While Sinn and Dillon evidenced a disdain for the application of rigid requirements, rather setting forth certain factors which could be analyzed by degrees to establish foreseeability, a rule which requires a parent to observe their child immediately after that child has suffered a sévere injury, is both practical, and is in keeping with the general understanding of mankind that a parent will suffer emotional trauma from the shock of observing their child seriously injured.

In conclusion, we find that Pennsylvania case law has recognized the right to recover for the negligent infliction of emotional distress based on a theory of foreseeability, that the right to recover is predicated upon, inter alia, a party incurring a sensory shock which results in emotional trauma, and that such shock exists in cases such as the one at bar where a parent comes upon a seriously injured child immediately after the occurrence of an accident.
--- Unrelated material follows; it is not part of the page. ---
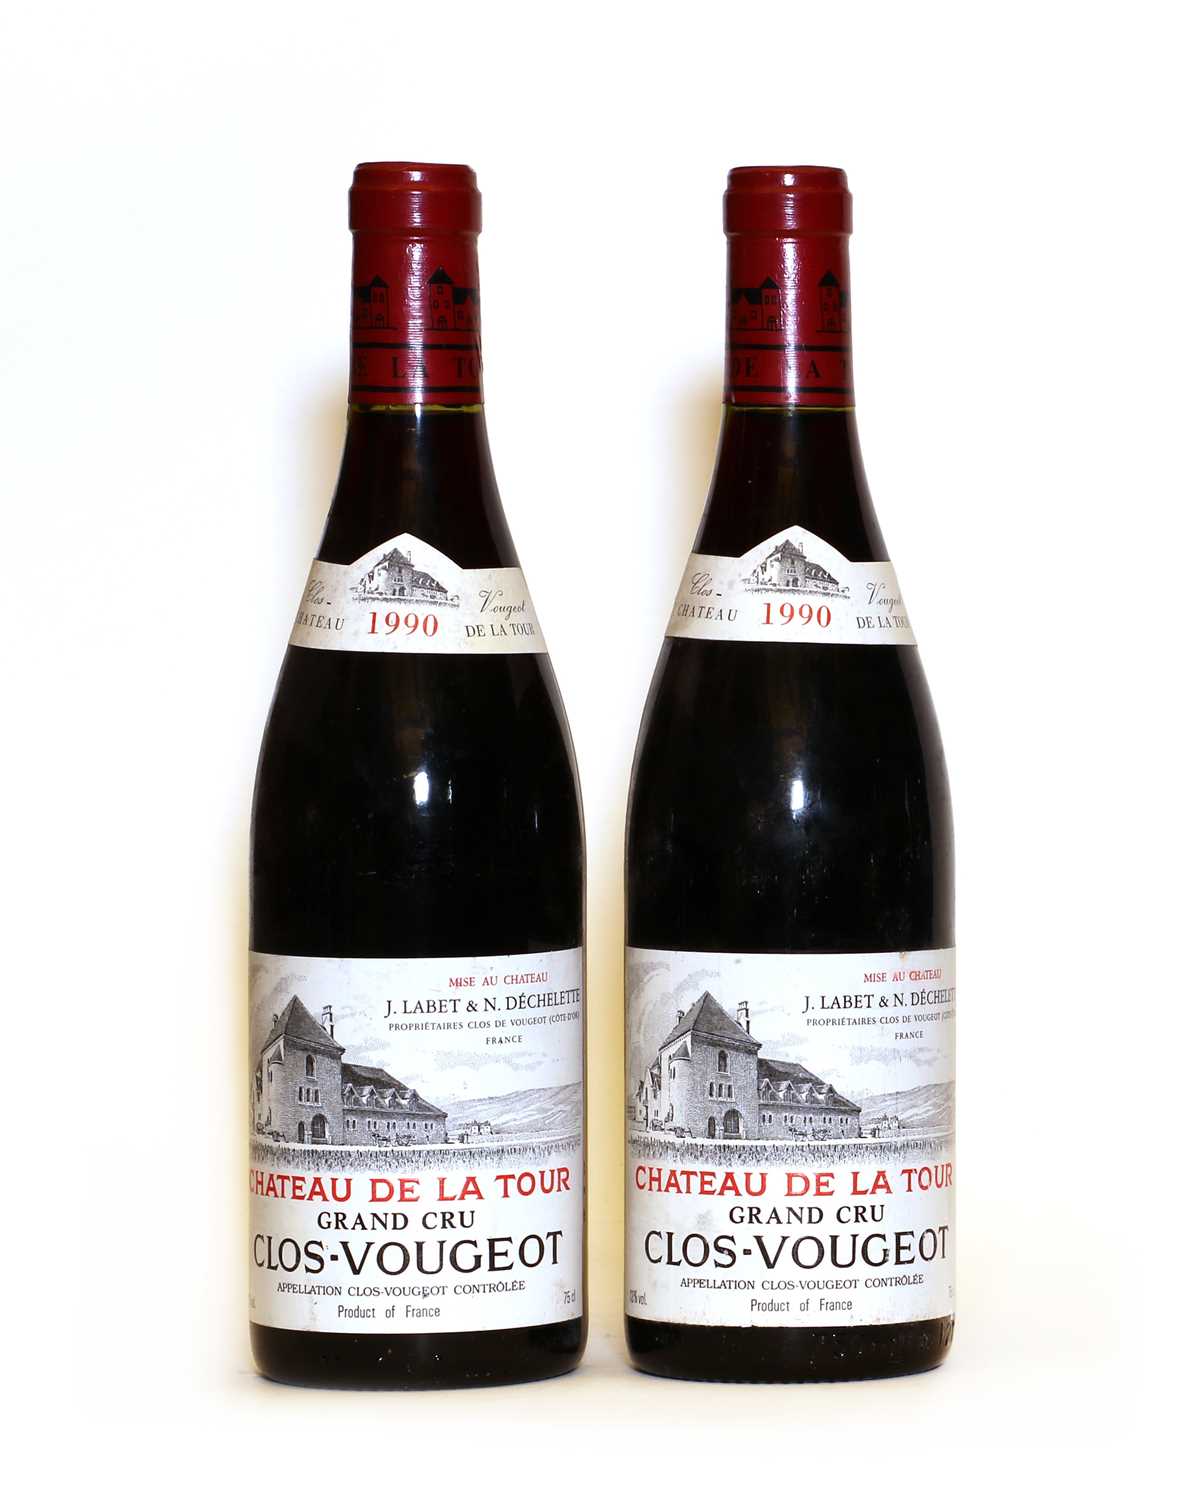 Lot 62 - Clos-Vougeot, Grand Cru, Chateau de la Tour, 1990, two bottles

Consequently, plaintiff father has stated a cause of action for the negligent infliction of emotional distress.

Regarding plaintiff mother, plaintiffs’ complaint only asserts that she suffered emotional trauma as a *606result of viewing the sutured dog bite and dog puncture wounds. There are no averments concerning the first and second factors of the foreseeability test of Sinn and therefore she has not stated a cause of. action.

Accordingly, we enter the following

ORDER

And now, May 7, 1985, for the reasons set forth in the attached opinion defendant’s demurrer as to the claim for the negligent infliction of emotional distress asserted by plaintiff John Laskas is dismissed. The preliminary objection is sustained as to plaintiff Eileen Laskas with 20 days leave granted to amend the complaint.

. Under the standards set forth in Bartanus it will be inferred that the father came upon his daughter immediately after the accident because he .was there in such time so as to treat his daughter for the wounds.

. Prior to Sinn, Pennsylvania followed the “zone of danger theory” which required a party to be in personal danger of physical impact of a negligent force against him and to be in actual fear of impact in order for a cause of action for the negligent infliction of emotional distress to exist. Niederman v. Brodsky, 436 Pa. 401, 261 A.2d 84 (1970).

. Again, this is inferred.

. We are not unmindful of the opinion of two other judges of this court denying the right of recovery in similar cases but we will nevertheless join those other trial courts in the opposite view and shall look to our appellate court of last resort for guidance on this point.

. See Hathaway v. Superior Court, 169 Cal. Rptr. 435 (Cal. App. 1981); Parsons v. Superior Court, 146 Cal. Rptr. 495 (Cal. App. 1978); Arauz v. Gerhardt, 137 Cal. Rptr. 619 (Cal. App. 1977); Madigan v. City of Santa Ana, 193 Cal. Rptr. 593 (Cal. App. 1983), for contrary holdings.